● **Exercise brief**
Under this line sits a listing. Repeat exactly and only its lines from the one holding "Tom Sachs Interview" through the one holding "A brass baluster-shaped"; skip pictures.
*** Opening Records to use ***
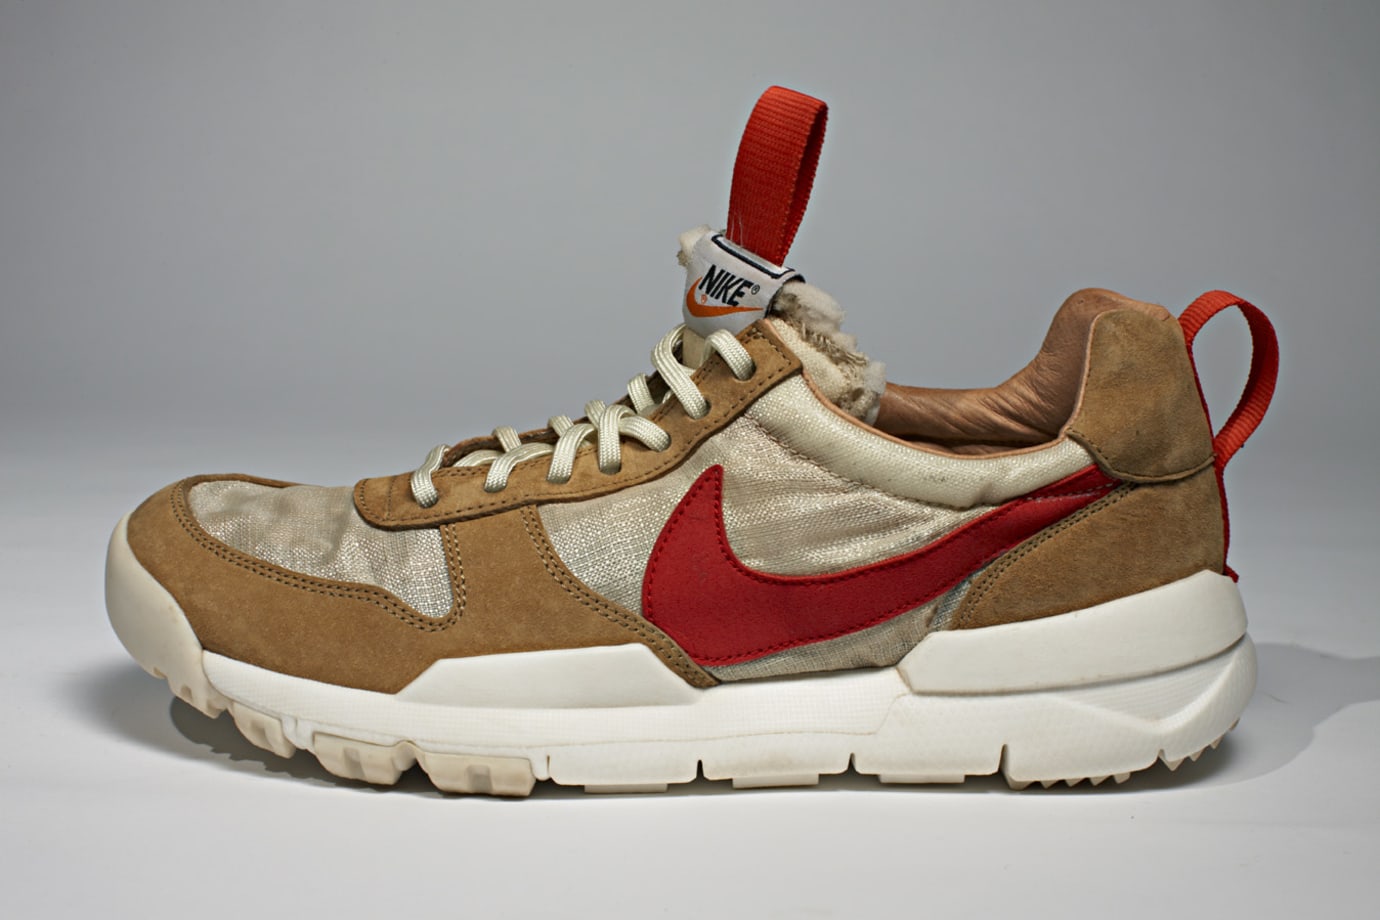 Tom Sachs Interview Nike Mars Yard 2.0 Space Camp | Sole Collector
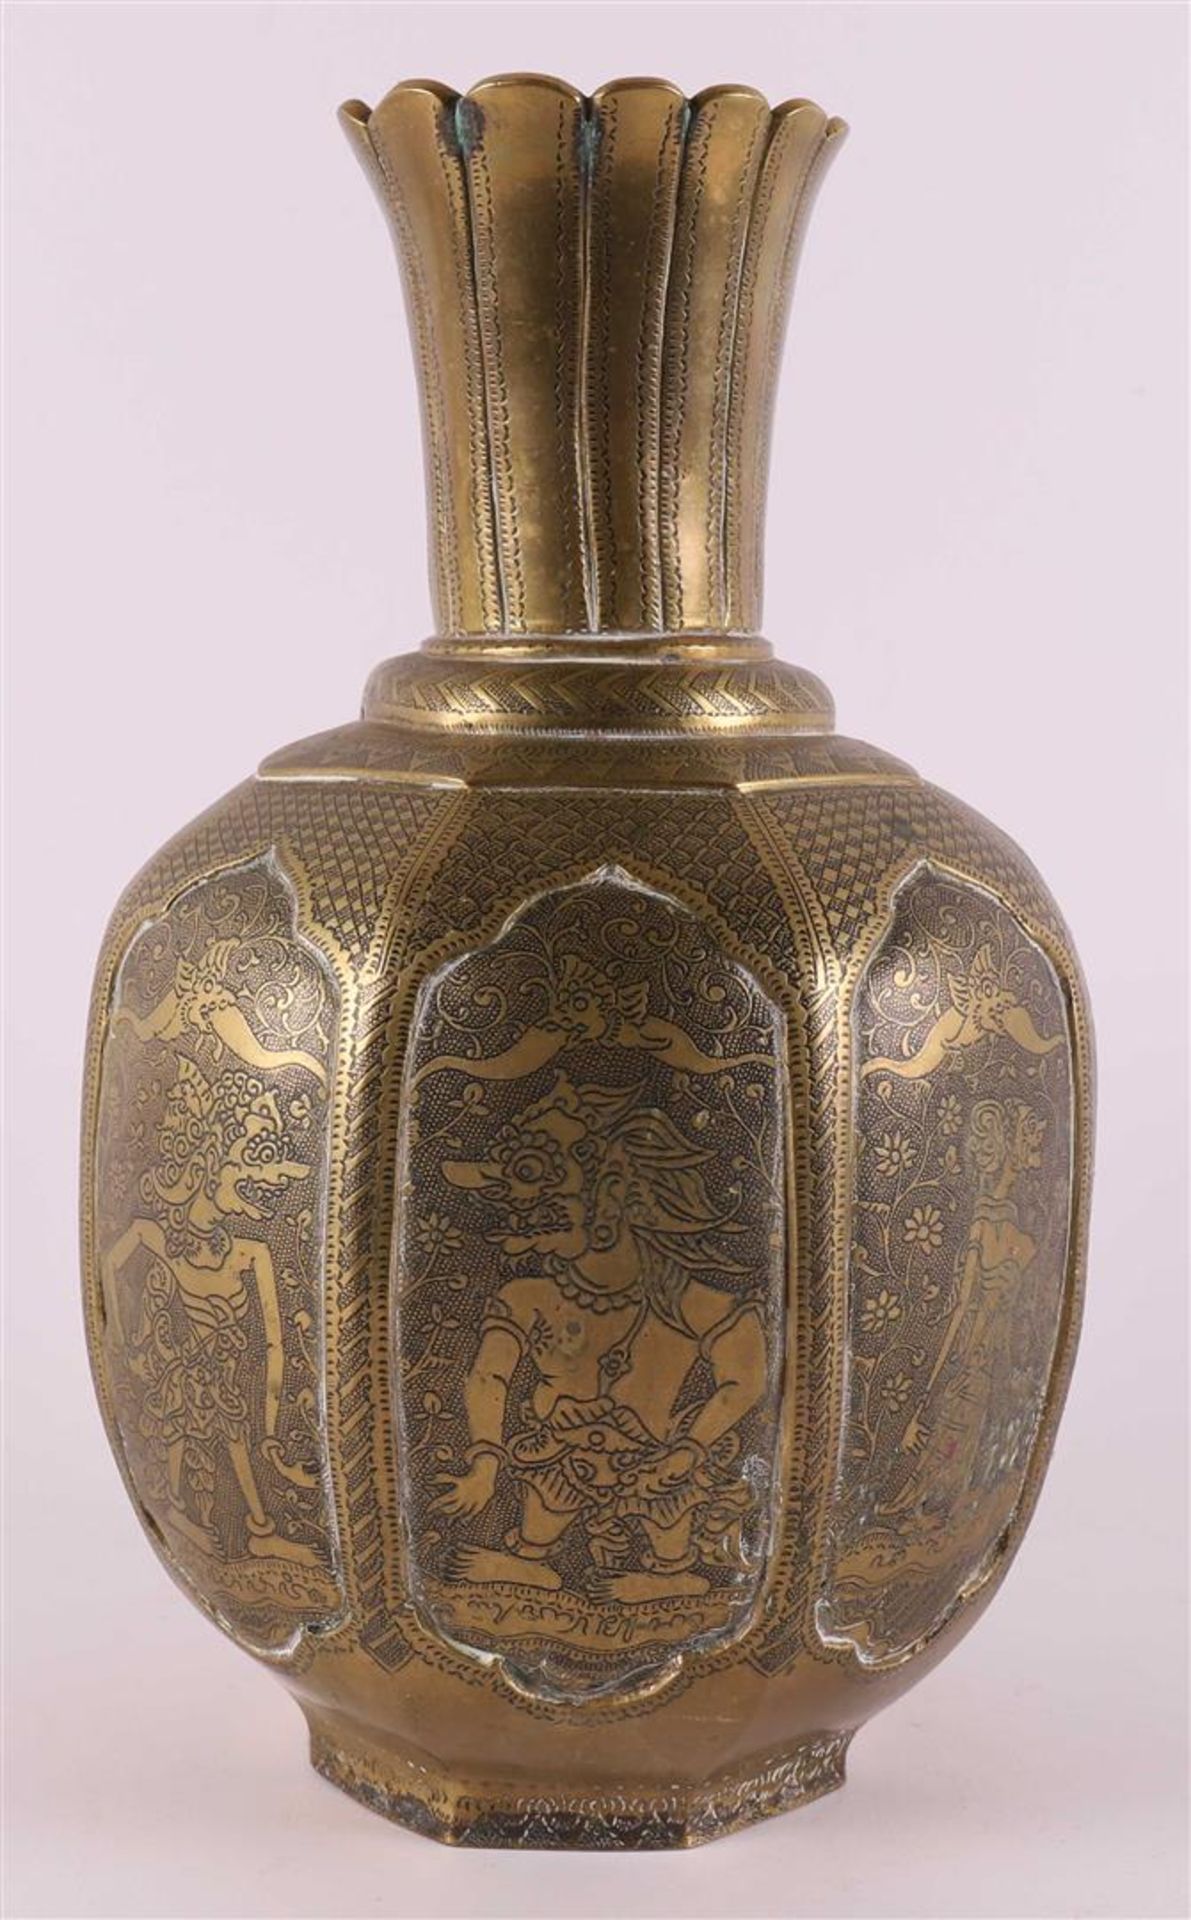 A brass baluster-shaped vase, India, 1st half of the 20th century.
*** Closing Records to use ***
*** Opening Records to use ***
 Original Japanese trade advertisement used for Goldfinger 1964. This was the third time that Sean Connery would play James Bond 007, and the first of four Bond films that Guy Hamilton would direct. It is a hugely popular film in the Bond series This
*** Closing Records to use ***
● **Response**
 Tom Sachs Interview Nike Mars Yard 2.0 Space Camp | Sole Collector
 A brass baluster-shaped vase, India, 1st half of the 20th century.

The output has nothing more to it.